Layout of bunch compressor BC2 (top diagram) with evolution of associated betatron function (a) and pertinent linear (b), second-order (c), and third-order (d) transfer-map elements along the beam line (with $s=0$ corresponding to the beginning of BC2). In plots (b)–(d) the left and right axes refer to the horizontal chromatic functions ${\eta }_{i,x}$ and accumulated longitudinal transfer-map elements from 0 to location $s$ along BC2. The top diagram follows the same conventions as in Fig. 9.

Figure 11

The geometry of the bunch compressors BC1 (a) and BC2 (b), where red, blue, green, and purple rectangles are quadrupoles, dipoles, sextupoles, and octupoles magnets, respectively.

Figure 12

Evolution of the betatron (left axis) and horizontal dispersion (right axis) functions along the proposed linac. The vertical dispersion is zero throughout the linac. The magnetic-lattice color coding for the element follows Fig. 9 with the accelerating cavities shown as gold rectangles.

Figure 13

Current profile (a) and associated LPS (b) distributions simulated with astra at the end of the photoinjector (see Fig. 6) with added uncorrelated fraction energy spread following a Gaussian distribution with rms spread ${\sigma }_E/E=1.5\times {10}^{-3}$. In plot (b) the red trace represents the slice rms energy spread ${\sigma }_E$.

Figure 14

Current (a) with associated LPS (b), and transverse horizontal (c) and vertical (d) phase-space distributions simulated with elegant at the end of BC2 using the optimized linac and bunch-compressor settings summarized in Table 4 and the injector distributions from Fig. 13. In plot (b) the red trace represents the slice rms energy spread ${\sigma }_E$.

Figure 15

Comparison of the Pareto front with the analytical trade-off curve between the peak field and transformer ratio described by Eq. (30) of Ref. [10]. Each blue dot represents a numerically simulated configuration with the red star representing the configuration with parameters listed in Table 4.

Figure 16

Target (from Fig. 2) and optimized final current distributions (respectively shown as green- and red-shaded curves) with associated wakefields (respectively displayed as green and red traces).

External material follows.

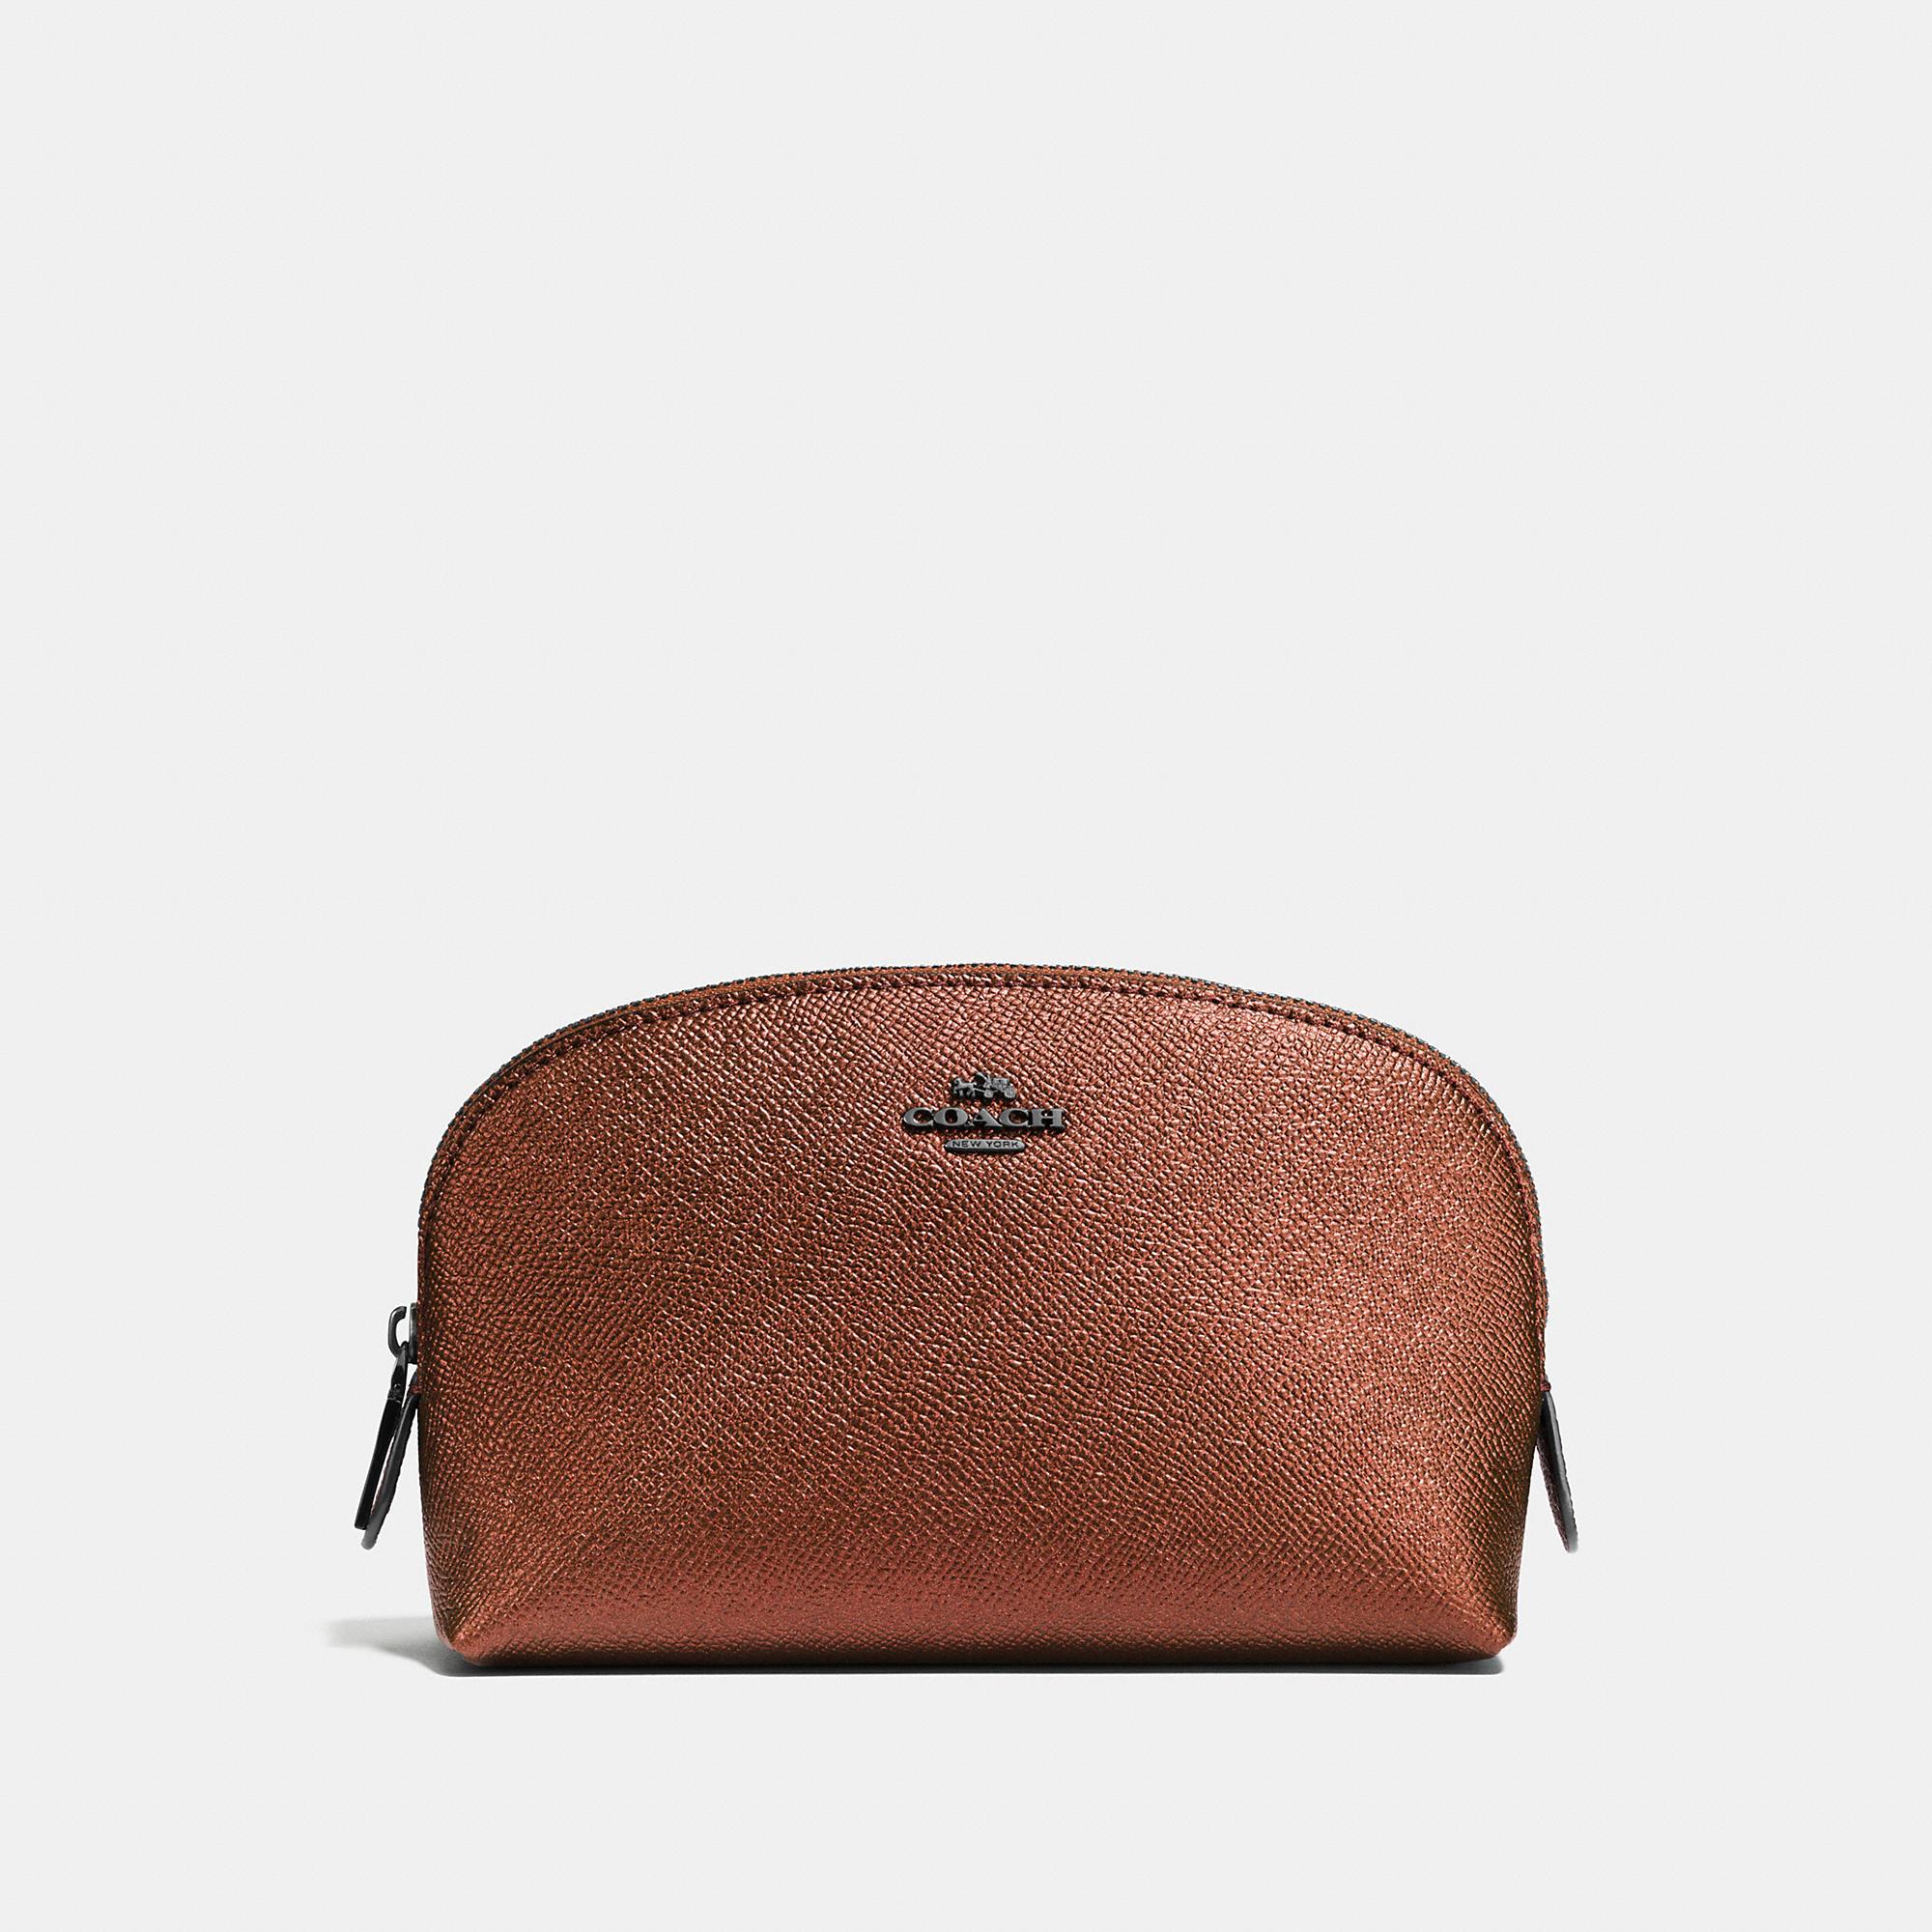 Coach Cosmetic Case 17 In Metallic Leather
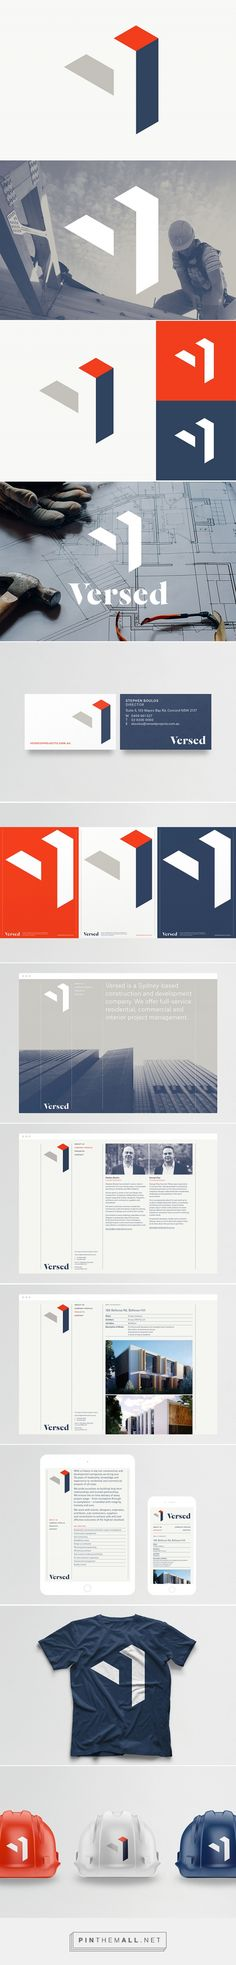 Identity / Versed /Christopher Doyle & Co.

The transformer ratio for the simulated distribution is $\mathcal{R}=5.0$.

Figure 17

Final $(z,x)$ (a) and $(z,y)$ (c) beam distributions corresponding to the data shown in Fig. 14, and slice analysis for positions $⟨x⟩$ and $⟨y⟩$ (b) and rms beam size and emittances (d).

Figure 18

Wakefields obtained from 100 simulations with jitter in linacs L1, L2, and L39. All cavities are taken to have relative jitter in accelerating voltage of 0.01% and phase jitter 0.01°. The red line shows the average wakefield while the blue shaded region represents the fluctuation of wakefields due to jitter over 100 random realizations of the linac settings. The average transformer ratio is $5.00\pm 0.05$. The reconstructed current profile (green-shaded curve) is obtained numerically using Eq. (4).

Figure 19

Wakefields obtained from 100 simulations with factional magnetic field jitter $\mathrm{\Delta }B/B={10}^{-4}$ on all the magnets. The red line shows the average wakefield while the blue shaded region represents the fluctuation of wakefields due to jitter over 100 random realizations. The reconstructed current profile (green-shaded curve) is obtained numerically using Eq. (4).

Figure 20

Current distribution (shaded curves, right axis) and associated wakefields (traces) for the nominal charge and $\pm 2\%$ relative change in charge (9.8 and 10.2 nC).

Figure 21

Treatment of collective effects as energy kicks downstream of beam line elements. In forward (respectively backward) tracking, transformations of beam line elements (respectively energy kicks) were applied, followed by energy kicks (respectively beam line elements).